AuthorLindgren, James
PositionIV. Race, Gender, Religion, and Party B. Overrepresented Groups Compared to the U.S. Full-Time Working Population and the General Population through VI. Afterword: Law Faculties in 2013, with footnotes and tables, p. 116-151 - Thirty-Fourth Annual Federalist Society National Student Symposium
  1. Overrepresented Groups Compared to the U.S. Full-Time Working Population and the General Population

    Proportional representation is a zero-sum game. If someone is on the bottom, someone else must be on the top. Which groups are the most overrepresented in law teaching? Table 6 shows the forty significantly overrepresented groups in law teaching in absolute and relative terms. At the top of the list are white Democrats, the excess accounting for two-fifths of a faculty (40%). All of the thirty-four most overrepresented groups are white (or predominately white), most are Democratic, and most are either Jewish or nonreligious.

    If Table 6 were sorted according to a ratio of percentages, (69) all of the twenty-eight most overrepresented groups would be Jewish or nonreligious. Nearly half of these twenty-eight are also white and Democratic. The most overrepresented groups not defined by religion are white male Democrats, white Democrats, male Democrats, Democrats, and white female Democrats.

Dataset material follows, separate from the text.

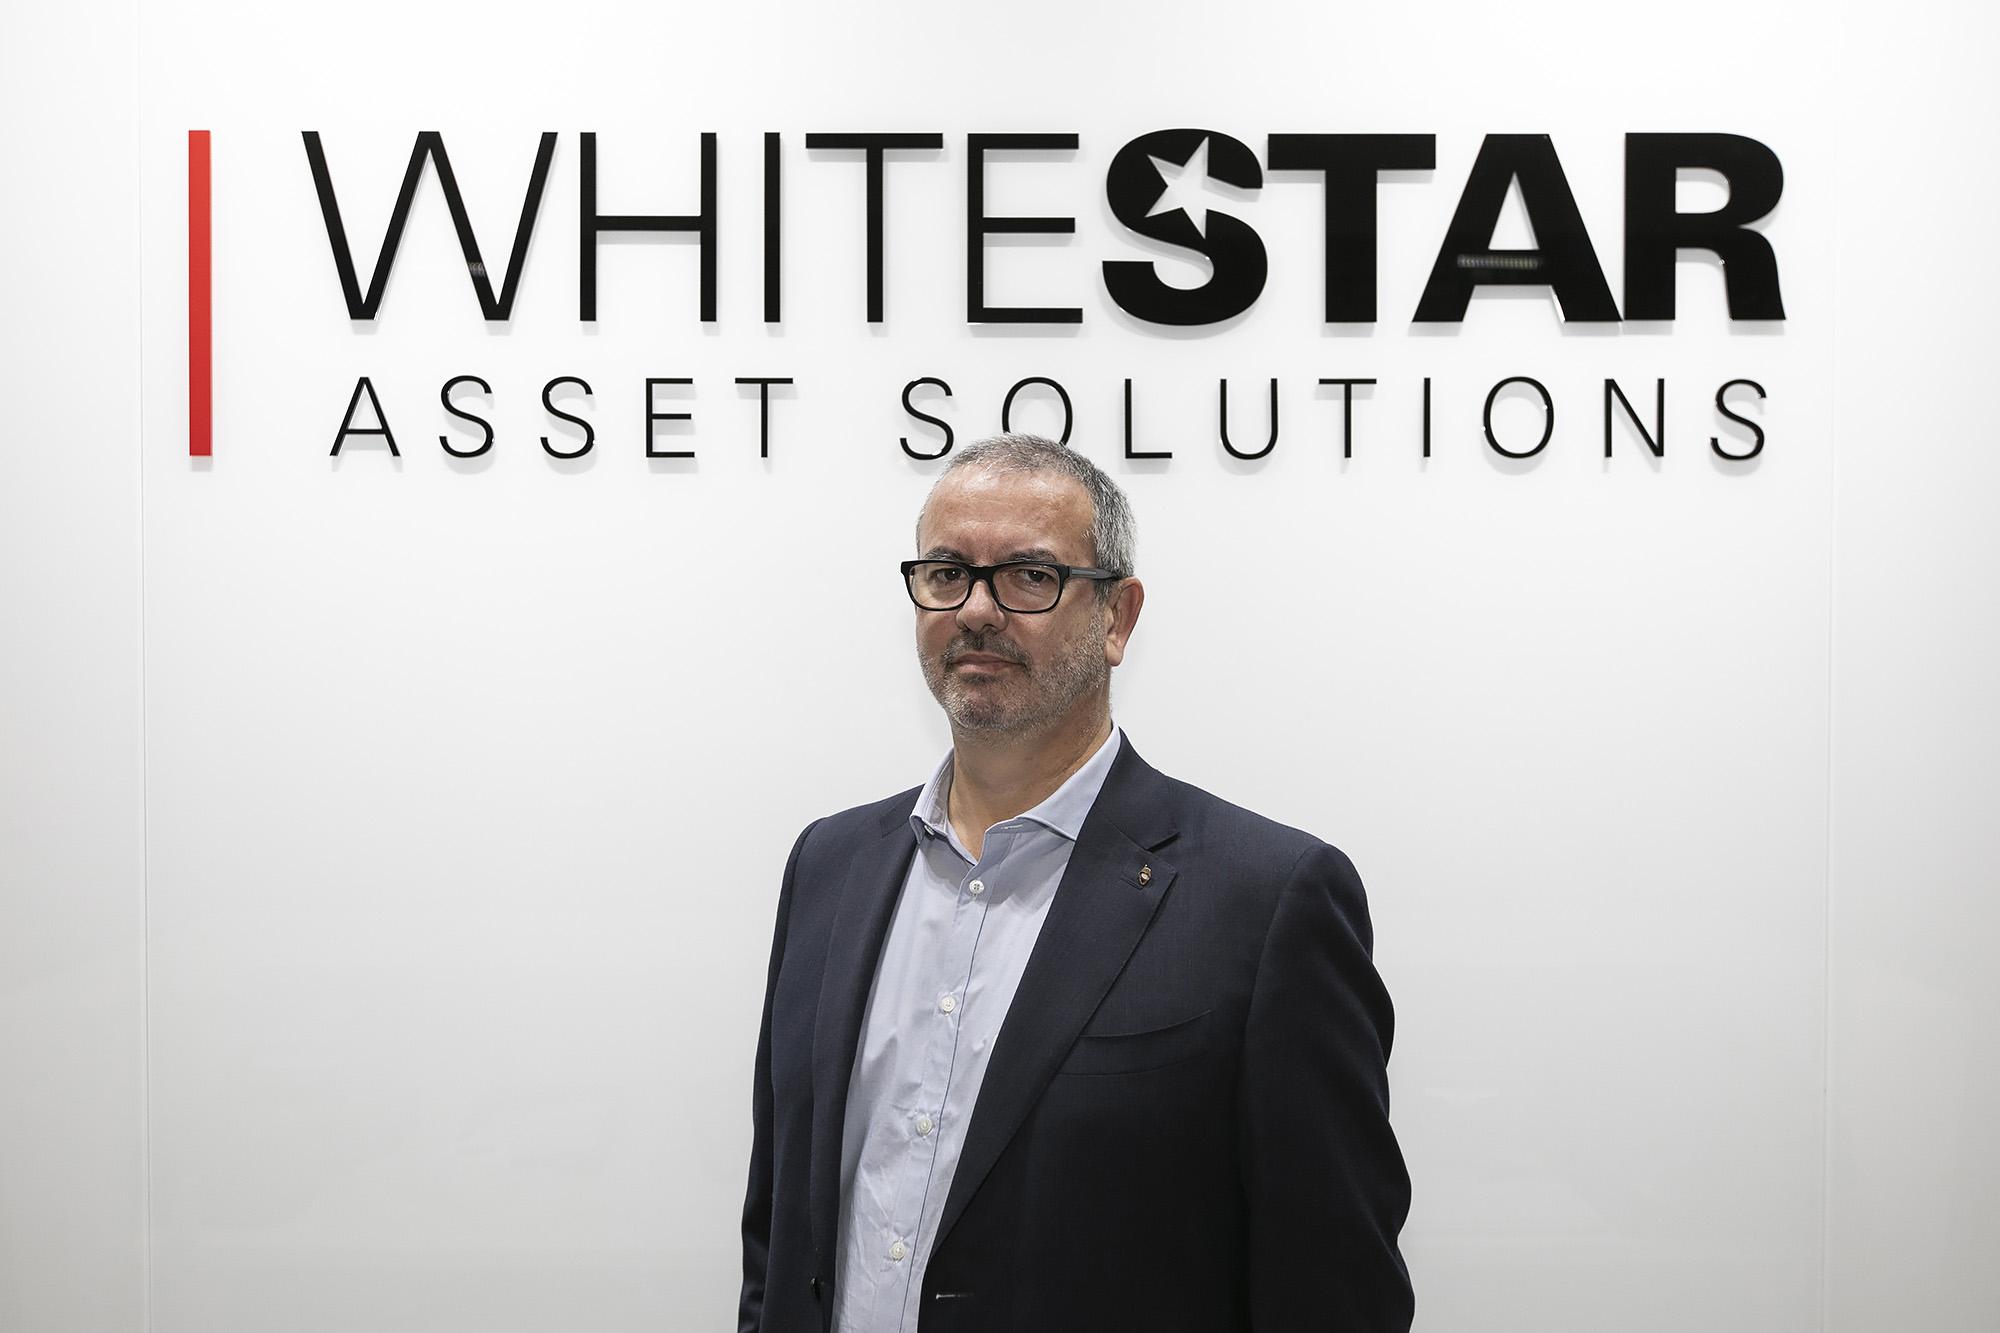 João Bugalho, CEO da Whitestar, em entrevista ao ECO - 05FEV19

By ratios, the most overrepresented group is white male Jewish Democrats. They are overrepresented by a ratio of nearly 28 to 1. Yet Jews were a traditionally locked-out group. In the 1930s, many law schools had no Jews or had a quota of one or two. (70) If one were serious about proportional representation, then one would wait to hire more white male Jewish Democratic law professors until 97% of them died out or resigned, perhaps taking as long as thirty years. Just to state this possibility shows that the proportional representation notion of diversity, taken seriously, is profoundly anti-Semitic in effect, if not in intent.

    Thus, the most overrepresented groups tend to be white or mostly white, just as the most underrepresented groups tend to be white or mostly white. The overrepresented groups tend to be Jewish or nonreligious; the underrepresented groups tend to be Republican, Independent, and Christian.

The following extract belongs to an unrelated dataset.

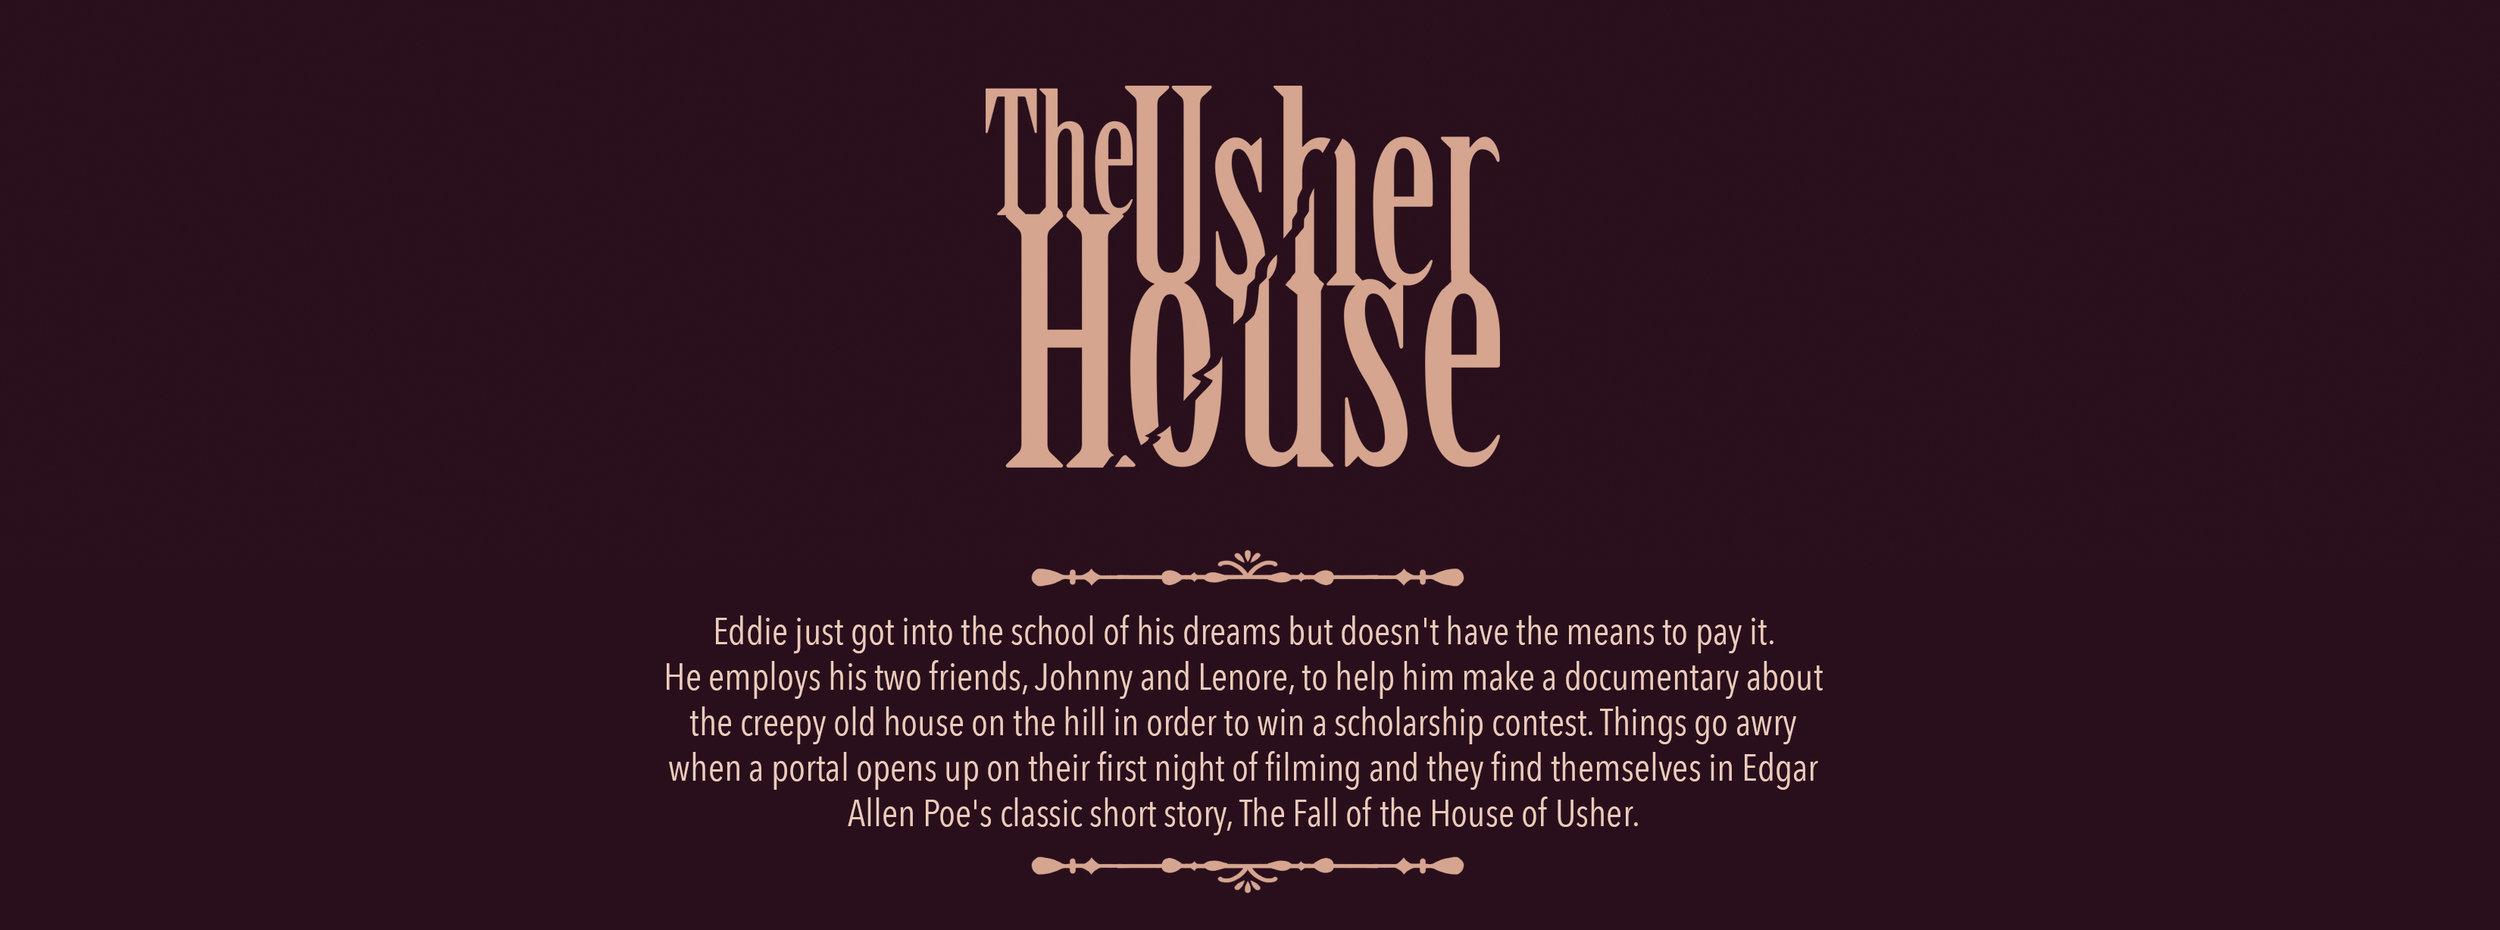 TheUsherHouseBanner.jpg

    One sees the same patterns of overrepresentation in Table 7, comparing law professors to the U.S. non-institutionalized general population ages 30-75. Ranked by percentage differences, the most overrepresented group is white Democrats, followed by Democrats. Ranked by ratios, all of the twenty-eight most overrepresented groups are Jewish or nonreligious. (71)

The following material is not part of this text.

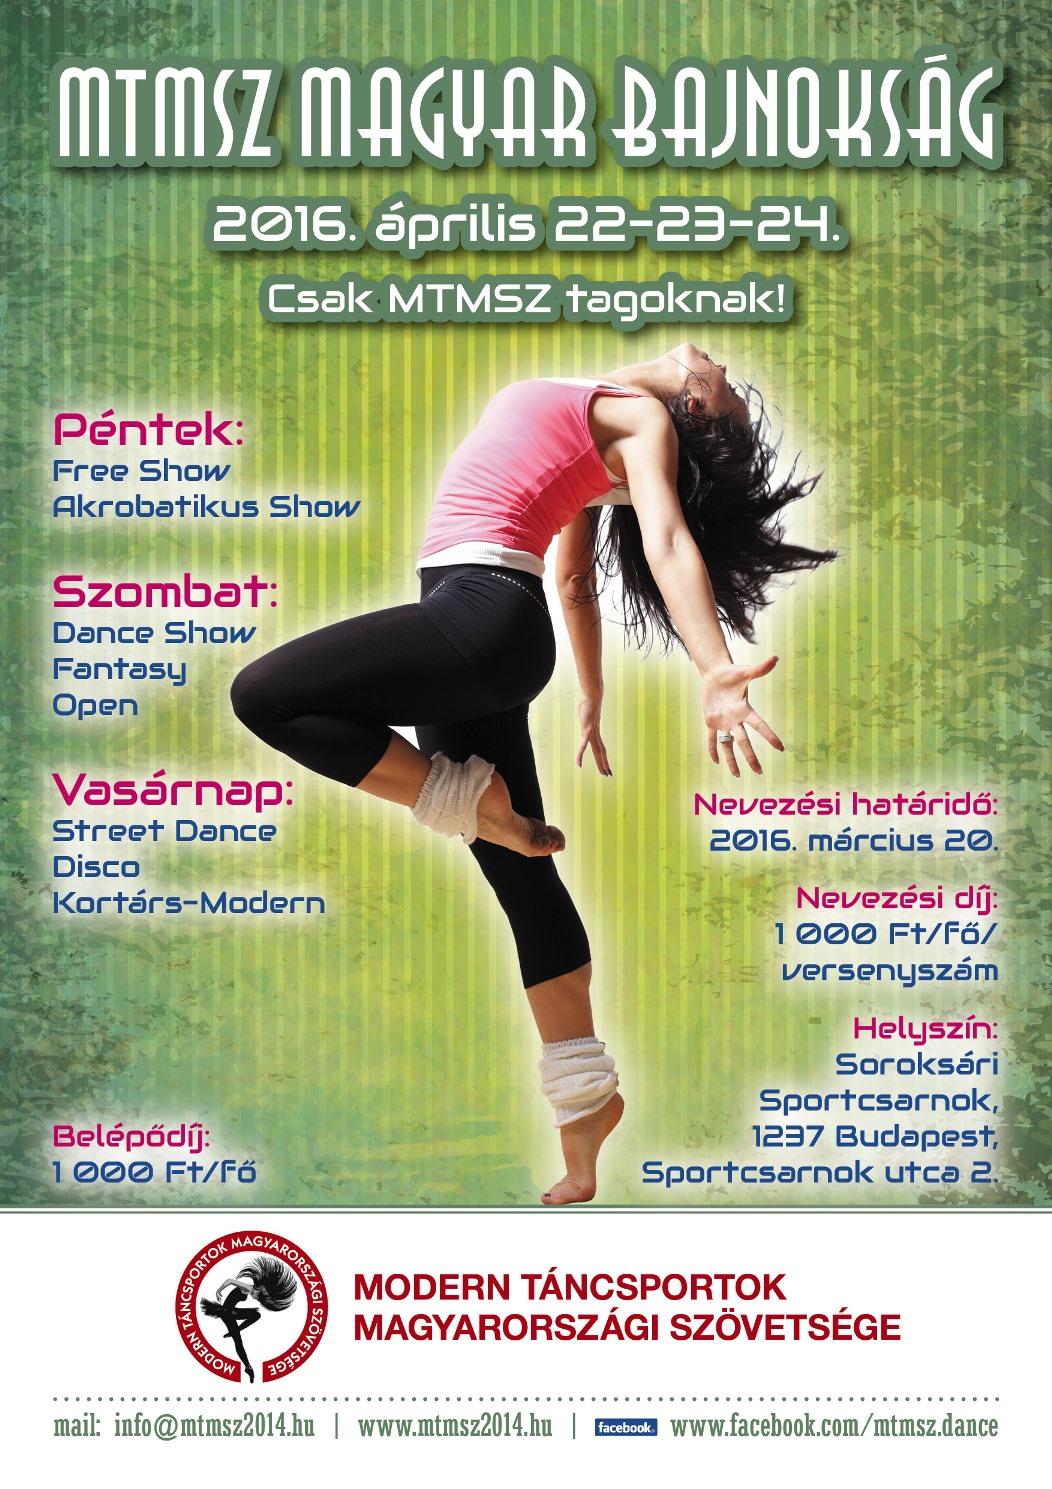 MTMSZ Magyar Bajnokság

  2. The Underrepresented and Overrepresented Groups Compared to Lawyers

    Evaluations of employment discrimination usually use the pool of qualified eligible workers, not the general population, as the proper comparison group. (72) Although the best comparison might be the makeup of the pool of those lawyers with top credentials over the last 40 years, information about this elite group is unavailable. All we have is information about those minimally qualified--lawyers, judges, and law professors in private or government service. In Tables 8 and 9 I compare the law professor population to the population of private lawyers, public lawyers, judges, and law professors of age 30-75. Current Population Survey data were used for race and gender, but the sample size of lawyers was only 413. (73) Even worse, the 1972-94 General Social Survey had only 129 lawyers aged 30-75. Thus, the estimates for lawyers, particularly their religion and party identification, are limited by the small samples. For this reason, the conclusions that one may legitimately draw from these data are tentative.

    Yet even by this excessively broad construction of the "pool," women and most minorities are either at parity or overrepresented in law teaching. Since on average African Americans receive lower grades in law school, (74) one would expect them to be underrepresented in law teaching compared to the lawyer population, even if there were no discrimination in hiring. Yet the data in Tables 8 and 9 show that most minorities and Democratic women are overrepresented in law teaching compared to lawyers more generally. The most obvious explanation--though not the only one--is that affirmative action is strong enough to overcome discrimination in the hiring decision itself.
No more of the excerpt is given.